---- Input data
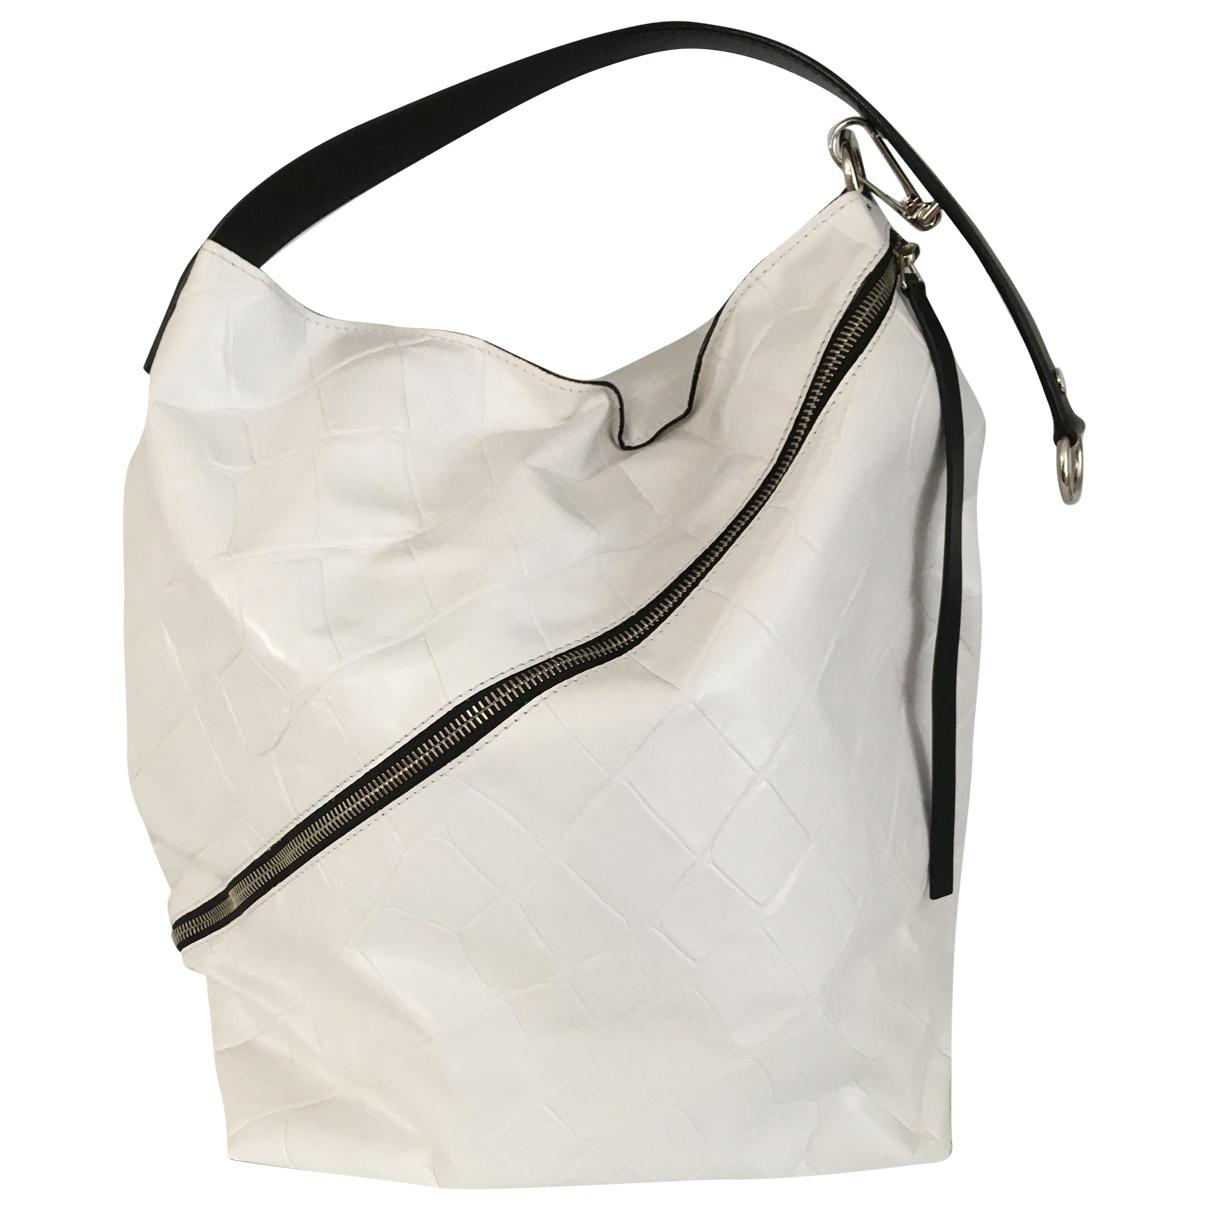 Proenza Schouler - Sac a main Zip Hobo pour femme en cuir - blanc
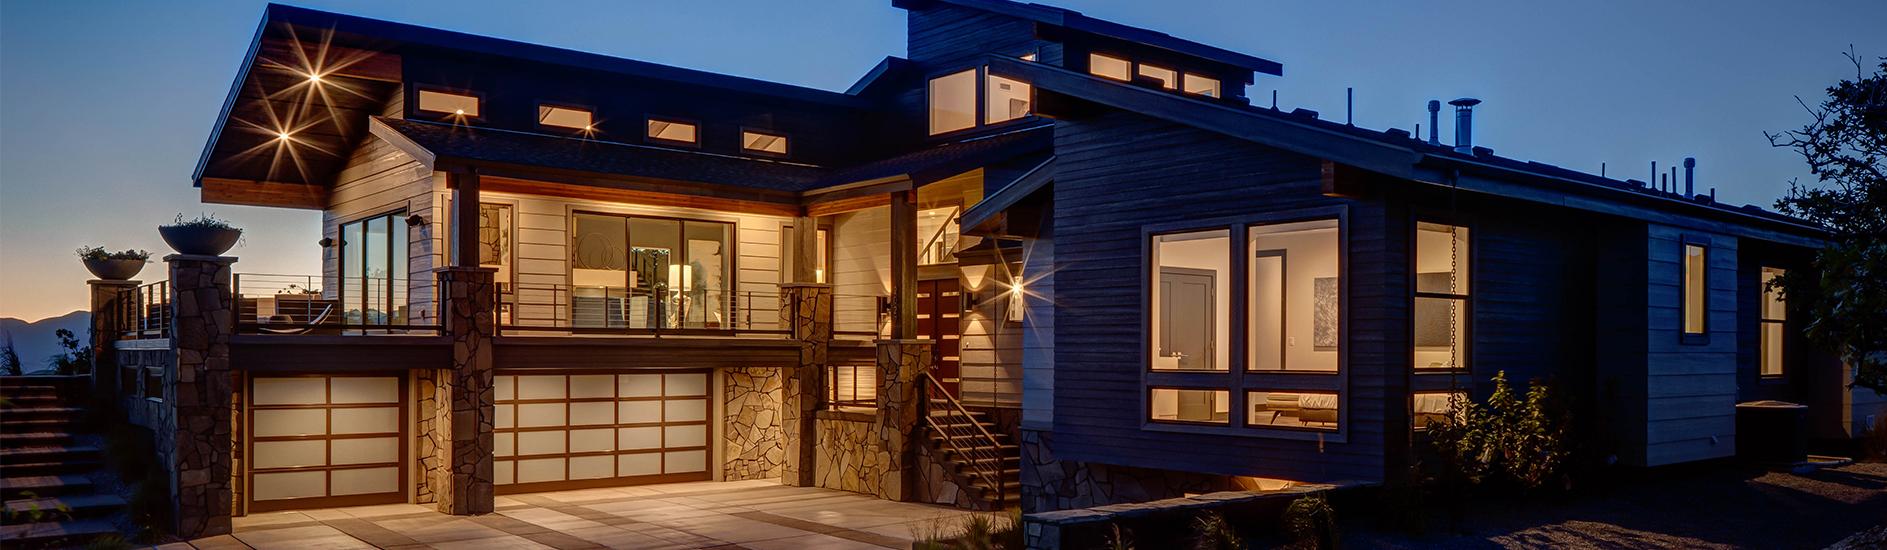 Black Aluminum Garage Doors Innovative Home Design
--------
---- Input data
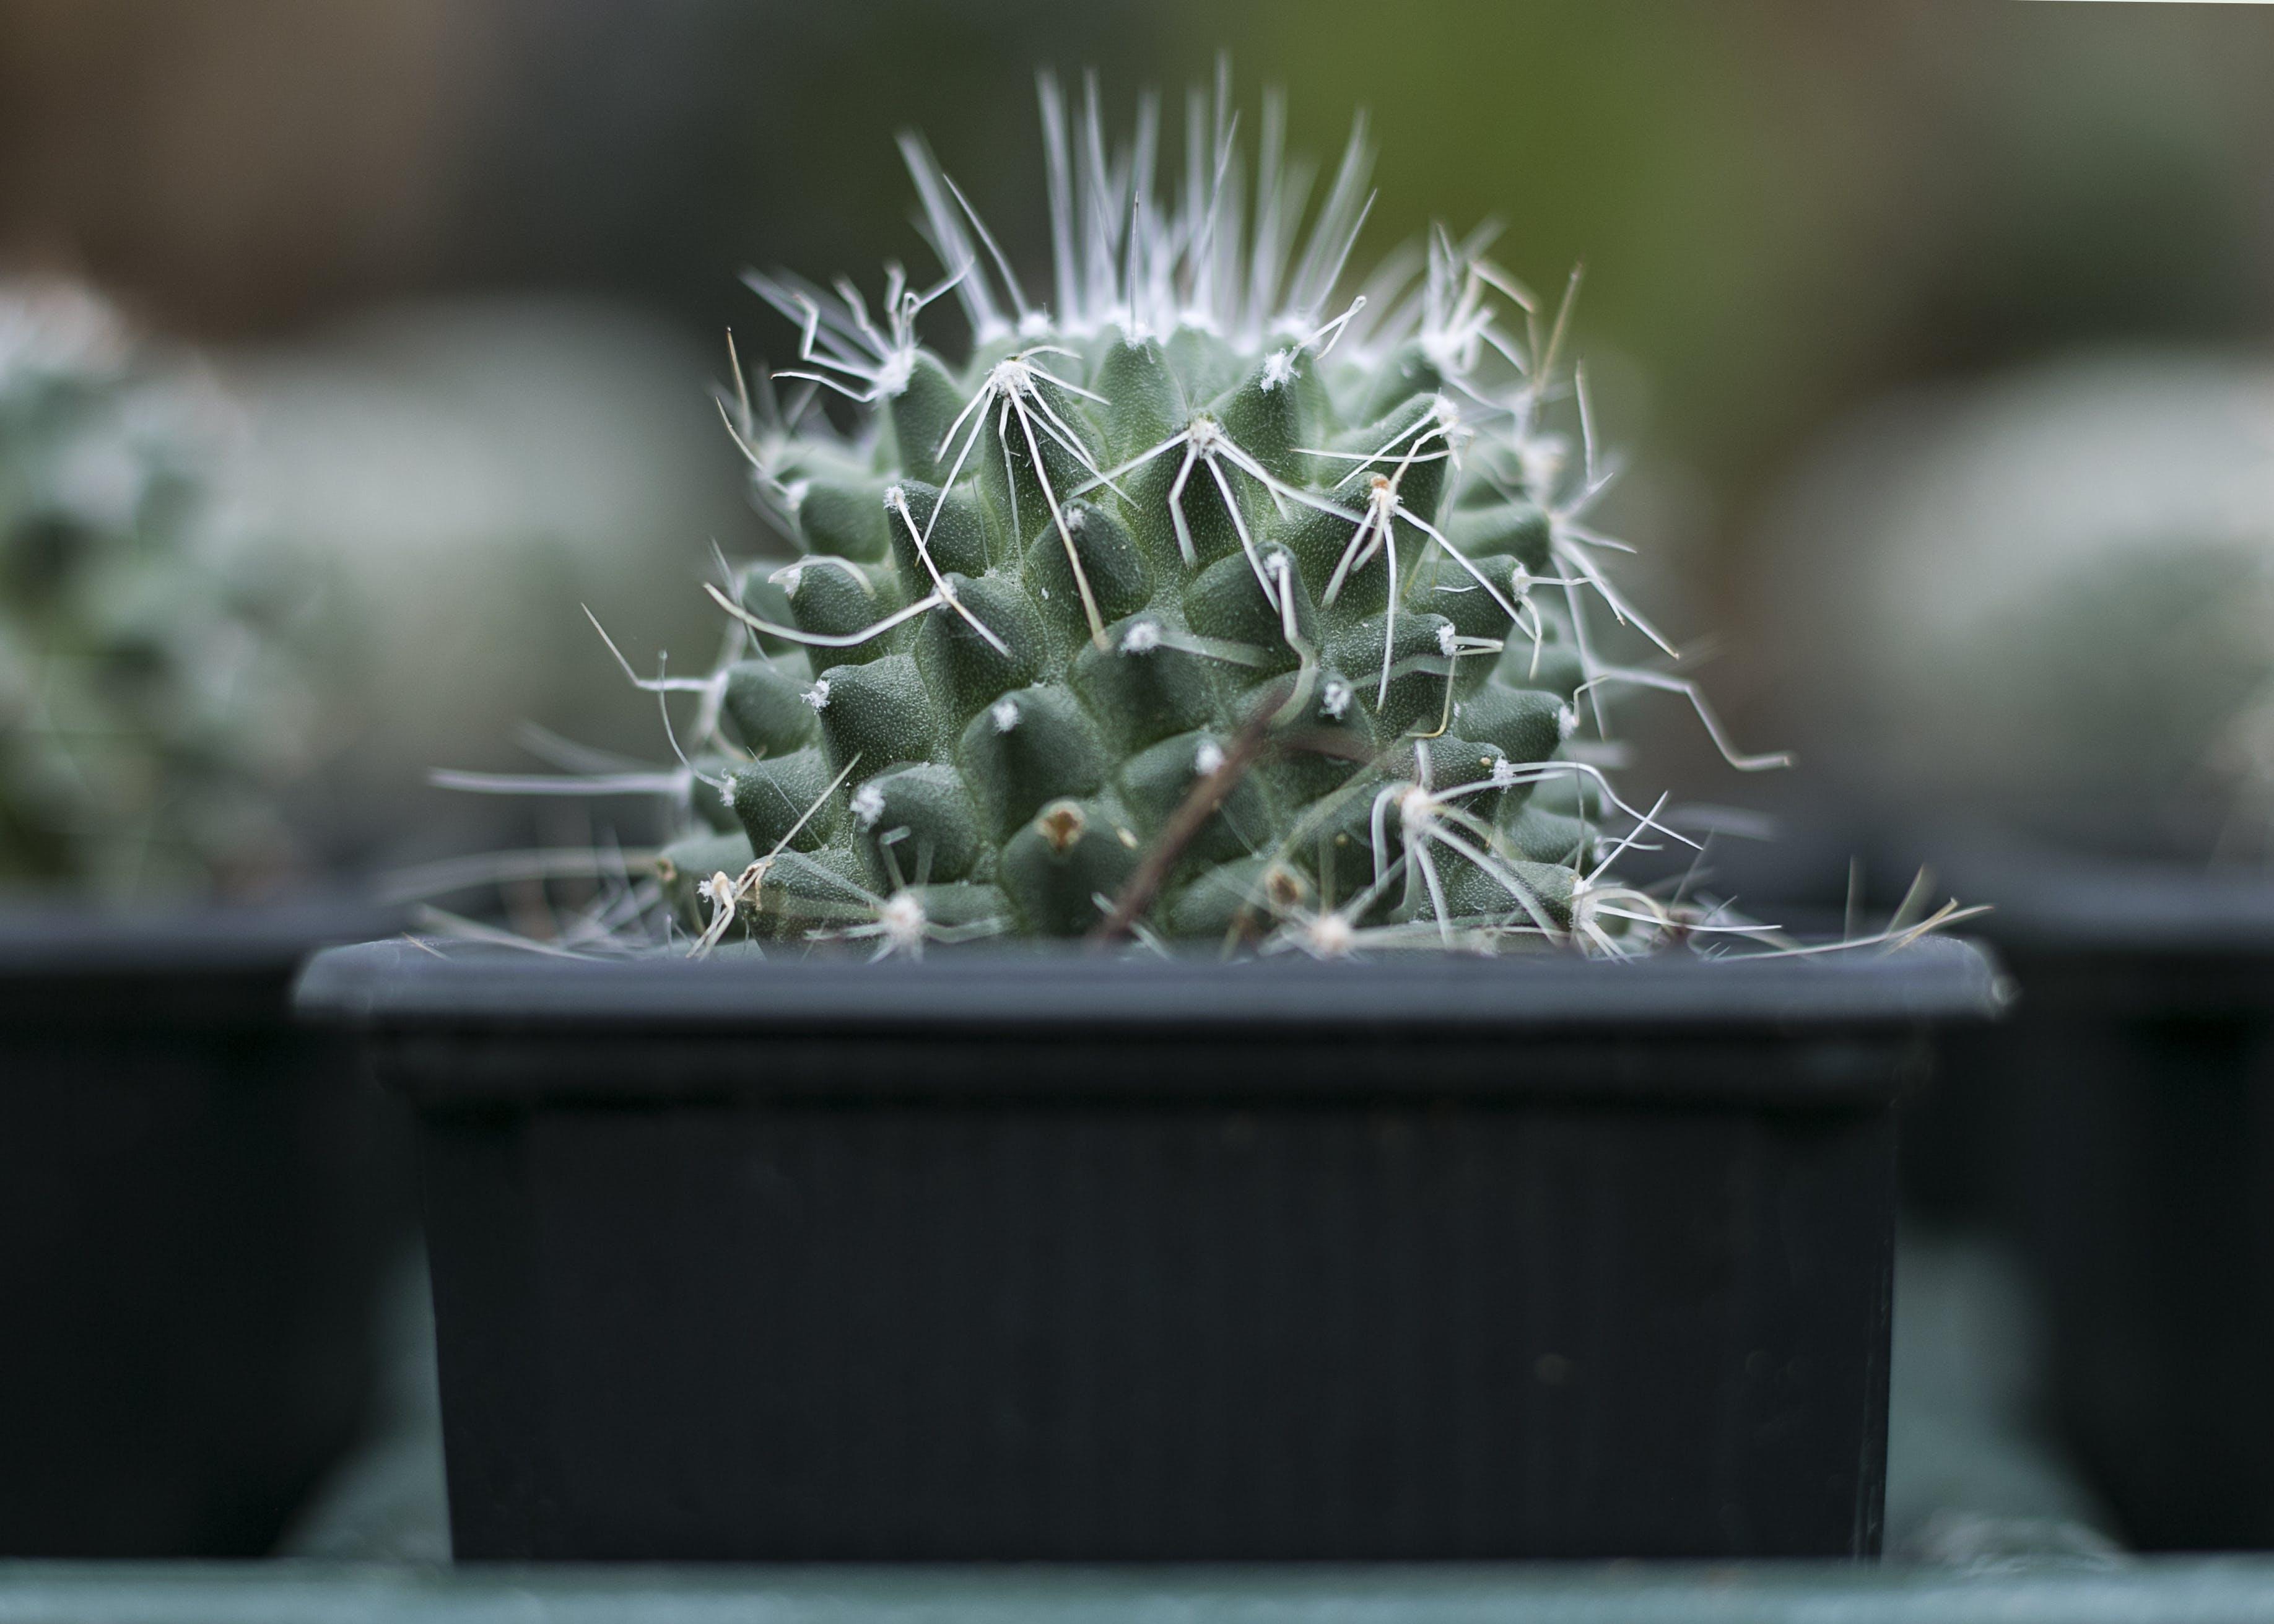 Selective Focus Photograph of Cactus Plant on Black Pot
--------
◆ Goal of the exercise ◆
All pictures are to be skipped. Output, word for word, the lines in the data above starting at the line containing "Proenza Schouler - Sac" and ending at the line containing "Black Aluminum Garage".

◆ Task solution ◆
 Proenza Schouler - Sac a main Zip Hobo pour femme en cuir - blanc
 Black Aluminum Garage Doors Innovative Home Design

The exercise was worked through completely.